En este punto la cosa no se veía muy atractiva para un mal acostumbrado consumidor de colesterol, que incursiona en esto de pedalear en la ciudad. Sin embargo, no me desanimé y decidí ver si con la bicicleta podía irrumpir y descubrir nuevos horizontes gastronómicos en Ponce. No que fuera a buscar donde comer saludable ni mucho menos.

 

 

 Así las cosas, acondicioné el viejo “buque”, término que en Ponce se usa para las bicicletas viejas y pesadas, y pedaleé hacia el centro de Ponce en busca de alguna delicia gastronómica, preferiblemente frita, por supuesto.

 

 

 Siguiendo la sabiduría popular, decidí moverme por el sector de la ciudad por donde más bicicletas viera. Esa ruta me llevó a la Nueva Plaza del Mercado.

 

 

 Para mi sorpresa encontré bastante movimiento de gente, muchas de ellas en bicicletas.

 

 

 Pero también descubrí algo que no había visto anteriormente cuando transitaba por el sector en carro. Me refiero a la cantidad de pequeños negocios de comida que están ubicados en la parte oeste del viejo edificio “Art Deco” que sirve de sede a mercado.

 

 

 Allí, esperando servirle tanto al público que asiste de compras al sector, como a los empleados que se ganan un modesto sueldo en las tiendas de la periferia, hay una media docena de negocios que ofrecen lo mismo jugos y batidas frescas, como sándwiches criollos y sobre todo frituras.

 

 

Descartando la recomendación del video sobre la necesidad de comer liviano, pero siguiendo el hedonismo placer que le da dirección a mi dieta y a este blog, me bajé del buque y lo caminé hasta uno de los negocios, donde una joven madre alimentaba a sus 5 vástagos.

 

Uno de los signos de que en el sitio se come económicamente. Si algo saben las madres es estirar el peso.

 

Allí en la ventana de despacho y bajo el rótulo que dice Cafetería el Coquí, encontré lo que para mi es una de las visiones más parecida al edén o paraíso de la Biblia. Estoy seguro que cuando muera, al cielo donde vaya a parar, pues yo voy pa’l cielo seguro, tiene que ser parecido a lo que ante mi se desplegaba.

 

A mano izquierda una señora de más edad, rellenaba plantilla con delicias como pollo, carne, juey, etc.
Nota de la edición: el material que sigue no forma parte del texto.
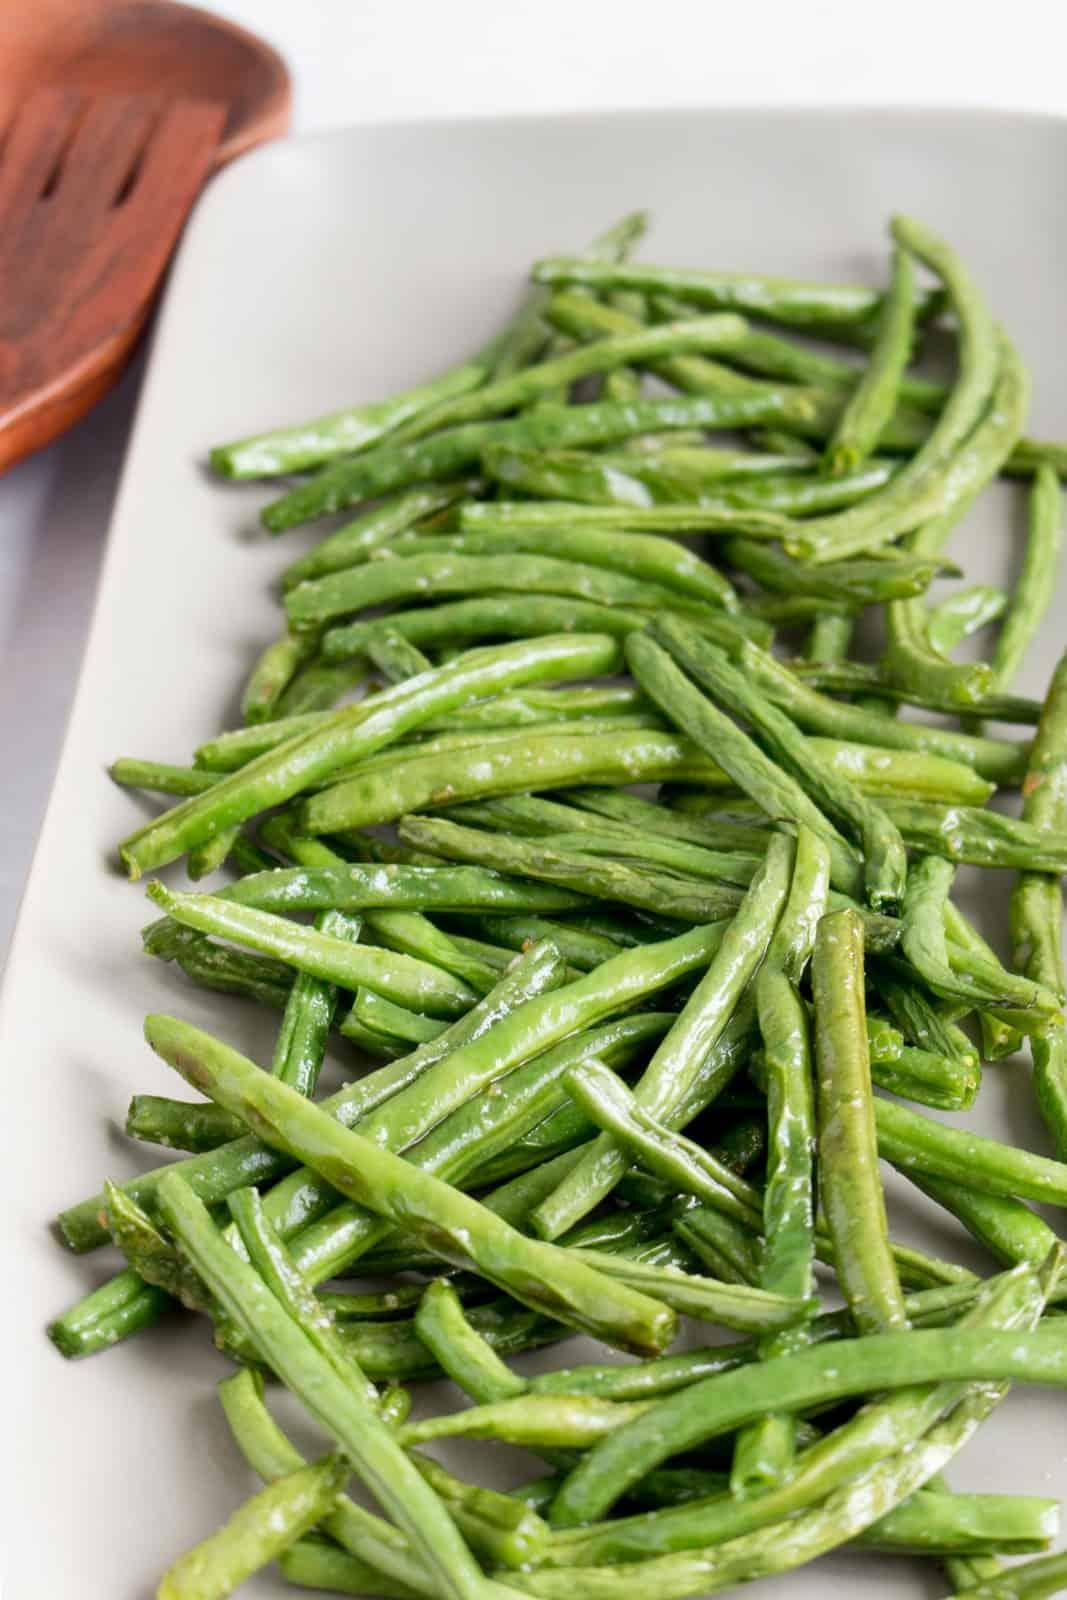 Air fryer green beans on a platter.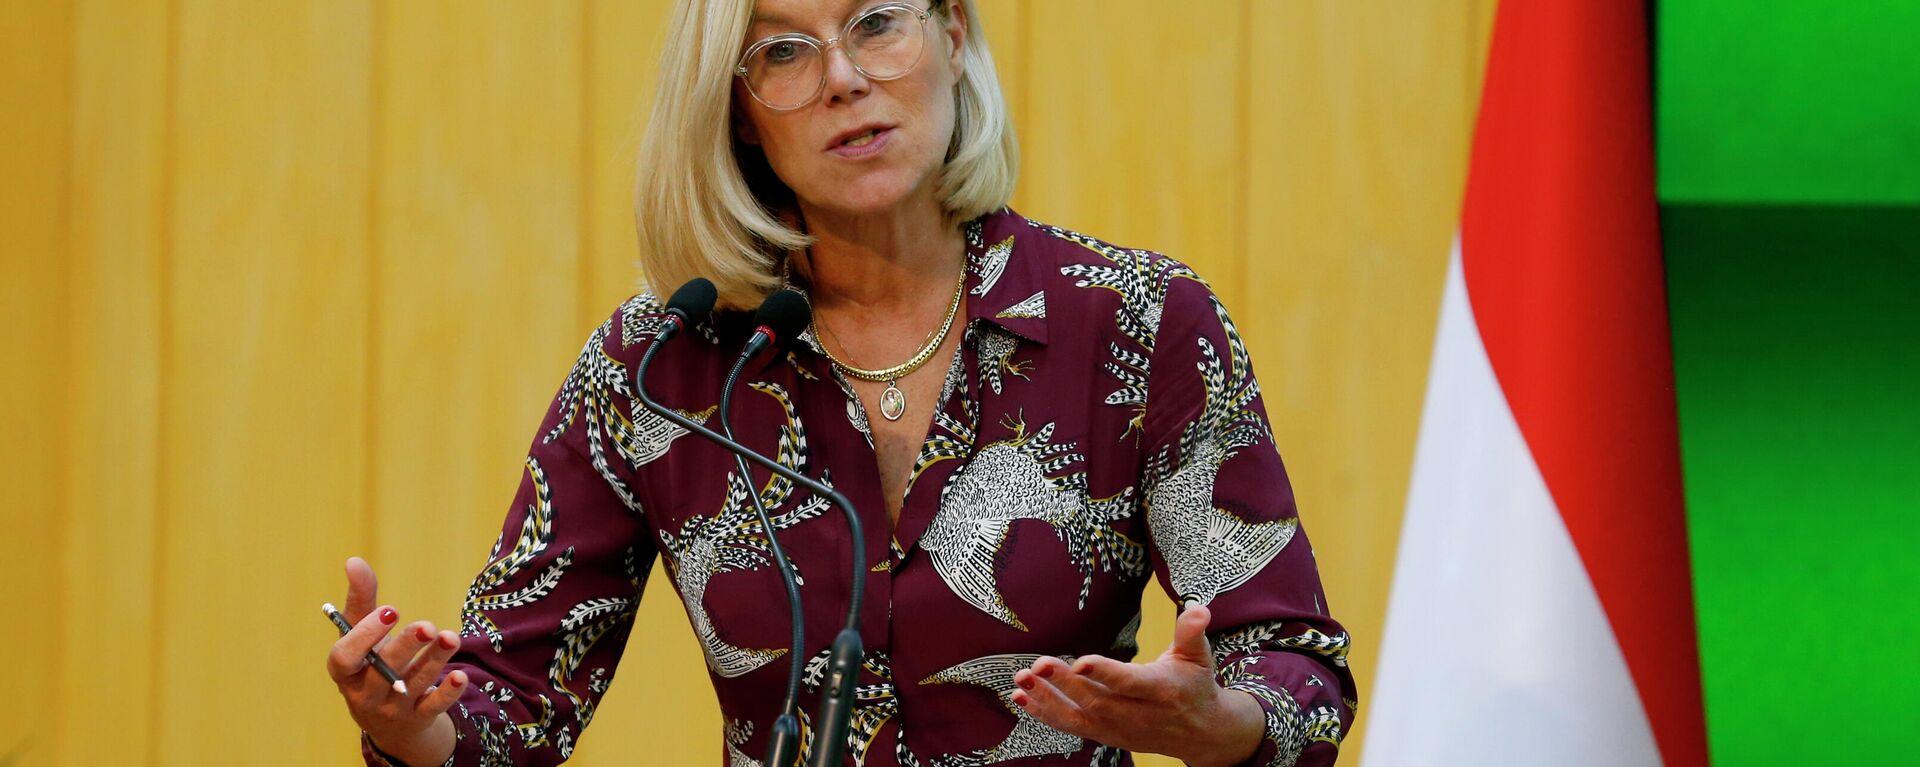 Sigrid Kaag, am 16. September 2021 zurückgetretene Außenministerin der Niederlande - SNA, 1920, 16.09.2021

A su lado un joven sumergía los pastelitos en aceite y cuidaba de que no se pasan en el tiempo de cocción.

 

Siguiendo la estación de trabajo, una vitrina iluminada y coronada con un San Martín de Porrees y un San Judas Tadeo, guarda como si fuera una incubadora el abasto de  rellenos de papas y alcapurrias.

 

A la Derecha del negocio otra vitrina custodiaba las empanadillas recién salidas del caldero y objeto de mi lujuria en ese momento.

 

Pos por aquello de no sentirme culpable, después de todo, salí a correr bicicleta, solo pedí una empanadilla de pollo y un relleno.

 

La empanadilla estaba “GENIAL”, sustanciosa, con pedacitos de pimiento y  huevo hervido, ingrediente típico de cualquier empanadilla “old school”.

 

Ahora, lo que si estuvo espectacular fue el relleno de papa. Que en realidad debiera llamarse relleno de carne, pues la papa esta por fuera y no dentro, pero eso es problemas de los lingüistas.

 

Este si es un ejemplo de lo que un relleno de papa debe ser. La dorada corteza, delicadamente crocante encapsula el majado de papa que a su vez envuelve la sabrosa carne molida y guisada a la criolla.

 

Tanto los sabores, como la textura de la carne, la papa y la harina de la corteza se complementan a la perfección dejando al final el robusto, pero sabroso sabor de carbohidratos fritos. “Perdóneme padre, pero volví a pecar”.

 

En fin, no se lo que coman los ciclistas en otras partes del mundo, pero en Ponce, el centenario medio de transporte me llevó a descubrir este tesoro de comida tradicional que es la parte oeste de la Nueva Plaza del Mercado.

 

Lo mejor del asunto fue que las dos frituras y el cacharro de jugo de china, me costaron menos de 4 pesos. Y como fui en bicicleta, me ahorré el parquímetro y me siento menos culpable pues quemé unas pocas de las güelemil calorías de las frituras.

 

En fin, la vida y la fritura son mejor en bici.  A darle pedal.